Evan Sawdey of PopMatters gave a positive review of the DVD, giving it a 7 out of 10, saying, "Here, Jackson is at the peak of his powers, absolutely bursting with energy. Extended dance breaks are added into the songs, his backing quartet of dancers are extremely precise, and yes, that's 80s Sheryl Crow coming out to duet with him on 'I Just Can't Stop Loving You'... Yet the show is remarkably fun, and relatively fast-paced. There are multiple costume changes throughout, with Jackson wearing whatever jacket is appropriate for the song he's singing (a letterman jacket for 'Thriller', a white coat and fedora for 'Smooth Criminal', that signature black leather for 'Bad'). At first, he and his dancers could not be tighter. They exude energy, and perhaps what's most remarkable is how Jackson is able to still sing/sustain notes while doing his numerous laser-precise moves. By the time he starts Moonwalking during 'Billie Jean' (and let there be no mistake: this is as spectacular and smooth as he has ever executed the move), the already-nuts crowd simply goes into overdrive."

Chaz Lipp of The Morton Report had this to say about Jackson's performance: "Perhaps the best part of Bad 25 is the full concert recorded live at London's Wembley Stadium, July 16, 1988. This is simply prime Michael Jackson.
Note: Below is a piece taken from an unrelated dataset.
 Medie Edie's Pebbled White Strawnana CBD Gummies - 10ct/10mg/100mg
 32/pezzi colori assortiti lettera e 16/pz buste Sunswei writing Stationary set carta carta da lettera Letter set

He's in fantastic voice throughout, always in control of his instrument—even during the most delicate moments, such as 'She's Out of My Life'. I'd list some highlights, but at the risk of sounding hyperbolic, the whole thing functions as a highlight. This concert is relatively stripped down visually, making it a perfect contrast to the more elaborately produced Live in Bucharest: The Dangerous Tour DVD. Jackson's dancing is as mesmerizing as ever, on full display during tunes such as 'Smooth Criminal' and, of course, 'Billie Jean'."

==Track listing==

- "Bad Groove (The Band Jam Section)" contains the following pieces:
  - "Band Jam" (composed by Greg Phillinganes)
  - "Layla" (composed by Eric Clapton and Jim Gordon)
  - "Sussudio" (composed by Phil Collins)
  - "You Win Again" (composed by Barry Gibb, Maurice Gibb and Robin Gibb)
  - "Don't Stop 'Til You Get Enough" (composed by Michael Jackson)
- The "Bad Groove" interlude involved the band playing an extended instrumental of "It's Gonna Be a Beautiful Night" by Prince from his 1987 album Sign o' the Times, but was removed during editing of the DVD. Amateur audio of the performance, however, can be found online.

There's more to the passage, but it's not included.